The enzyme UDPglucose:flavonoid 3-0-glucosyl transferase (UFGT) catalyzes the 3-0-glucosylation of flavonols and anthocyanidins (Larson, R. L., Phytochemistry 10:3073, 1971; Larson, R. L. and Lonergan, C. M., Planta 103:361, 1972). Studies on stable and unstable recessive mutants of the bronze locus have provided evidence that UFGT is encoded at this locus (Larson, R. L., and Coe, E. H., Biochem. Genet. 15:153, 1977; Dooner, H. K., and Nelson, O. E., Biochem. Genet. 15:509, 1977, and PNAS 74:5623, 1977). A partial purification scheme for UFGT has been described (Dooner, H. K., and Nelson, O. E., PNAS 74:5623, 1977). We have prepared highly purified UFGT by DEAE-cellulose, CM-cellulose, Affi-Gel Blue and hydroxylapatite chromatography. A simple assay and the purification scheme are briefly described here.
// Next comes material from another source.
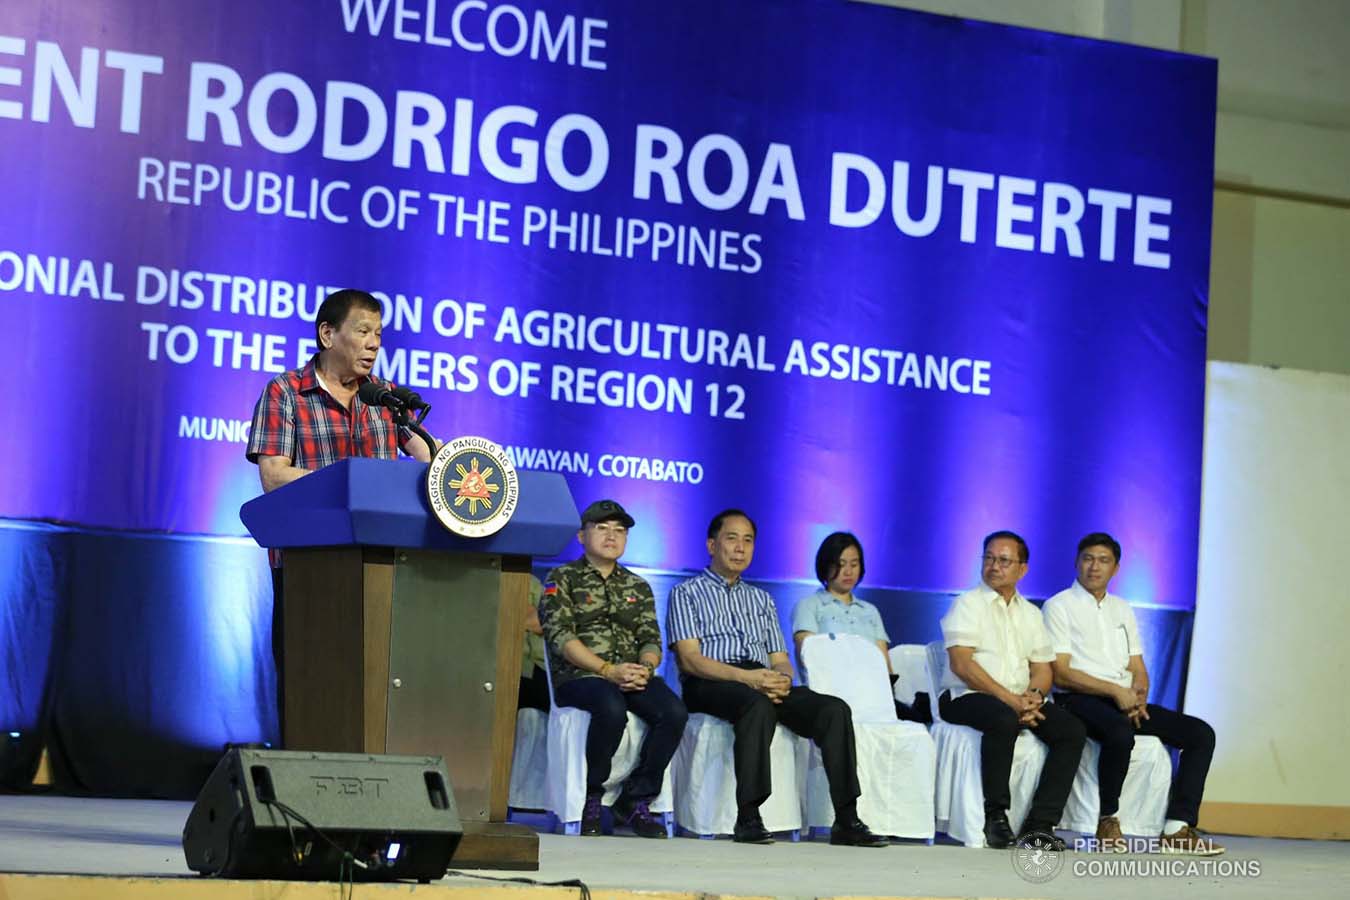 President Rodrigo Roa Duterte delivers a speech during the ceremonial distribution of agricultural assistance to the farmers of Region 12 at the Pigcawayan Municipal Gymnasium in Cotabato on January 10, 2020. RICHARD MADELO/PRESIDENTIAL PHOTO
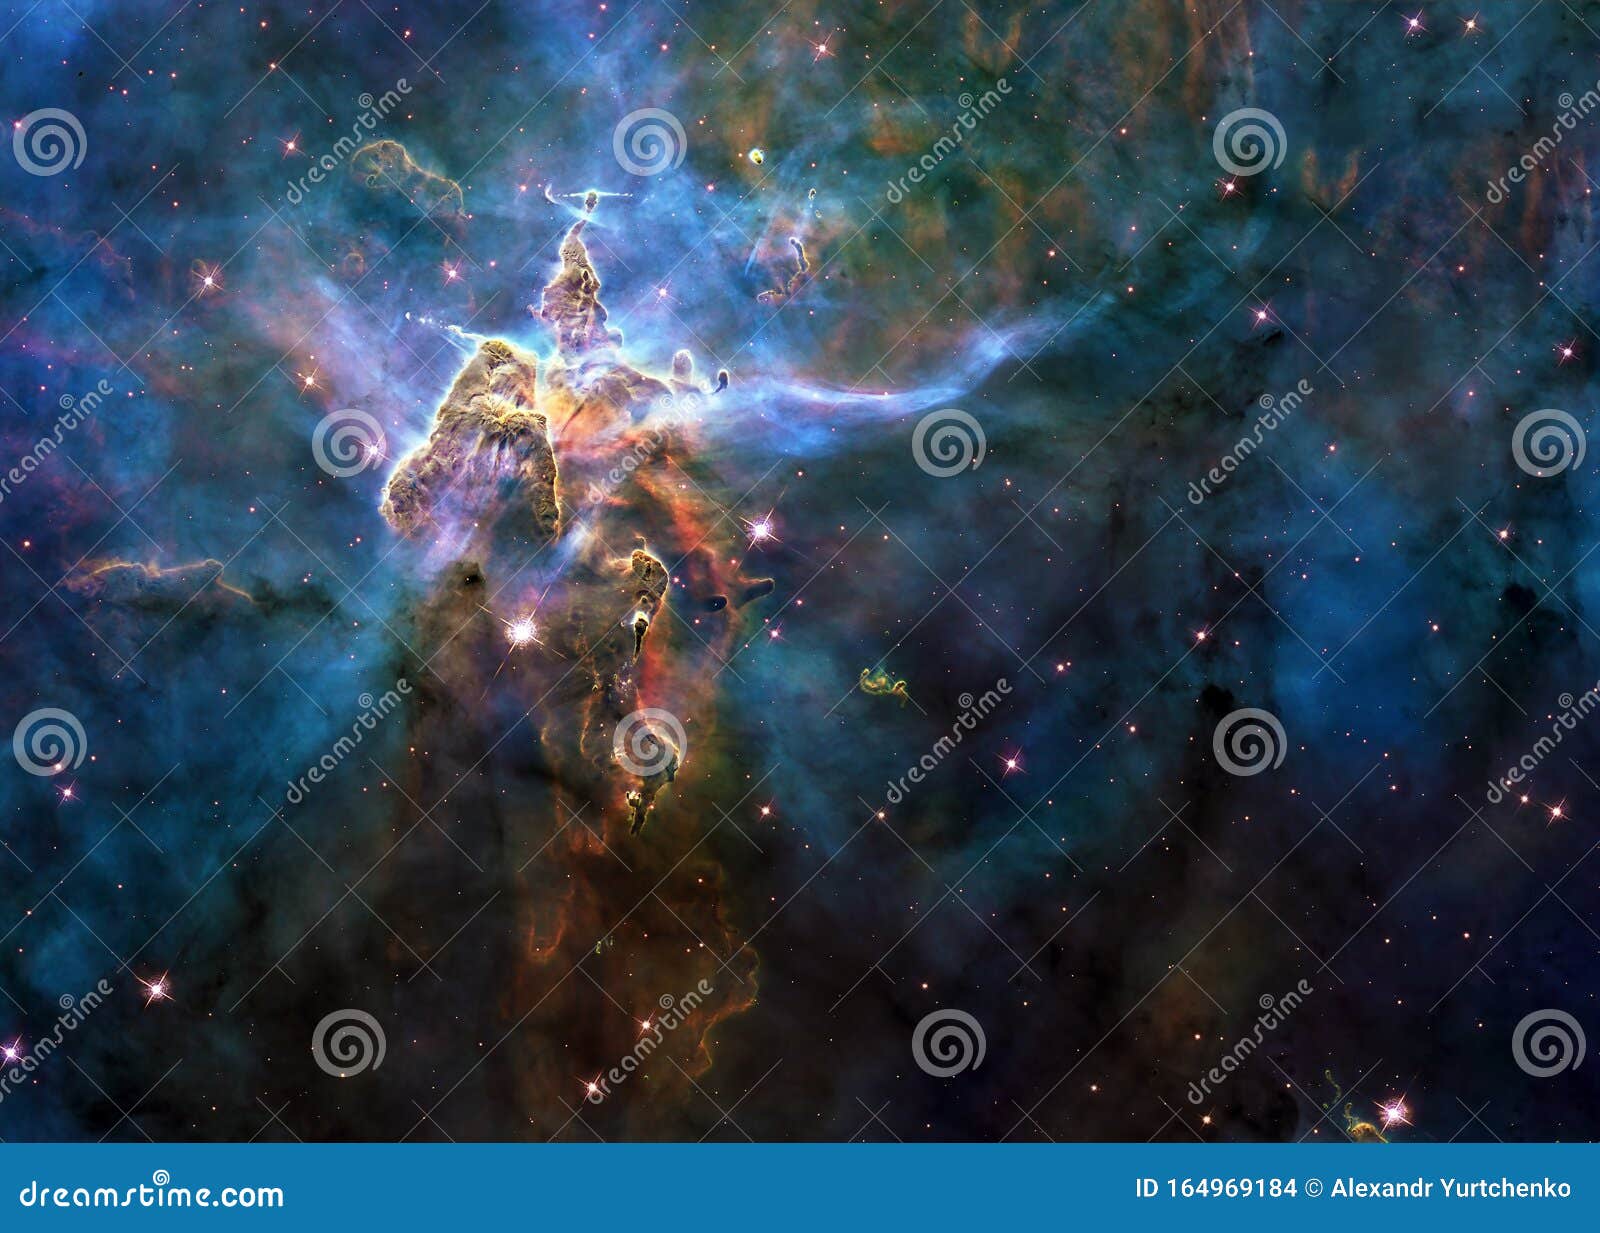 VLT Takes Most Detailed Infrared Image of the Carina Nebula Space Wallpaper   Space

The assay is carried out in a buffer containing 25 mM Tris (pH 8.0), 10 mM CaCl 1mM dithiothreitol (DTT), 2 mM UDPG, 1.25 µCi/ml C14 UDPG (240 mCi/mmole, Amersham): 25 µg/ml human or bovine serum albumin, and 2 mM quercetin (dissolved at 40 mM in EGME). The enzyme is assayed in a volume of 20 µl, adding 1-5 µl of the enzyme to a suitably concentrated reaction mixture. After incubation at 37 C for 30 min, the reaction mixture is extracted with 100 µl of n-amyl alcohol by vortexing; the phases are separated by a brief centrifugation in a Beckman Microfuge and the alcohol phase is removed to a double GF/A glass fiber filter (Whatman). The filter is dried and counted in a liquid scintillation spectrometer. When the labeled products appearing in the alcohol phase are analyzed by paper chromatography, the major labeled component is quercetin 3-0-glucoside; small amounts of labeled material having a different Rf are observed when crude extracts of mature kernels are assayed, but these are no longer detected after chromatography of the enzyme on DEAE-cellulose.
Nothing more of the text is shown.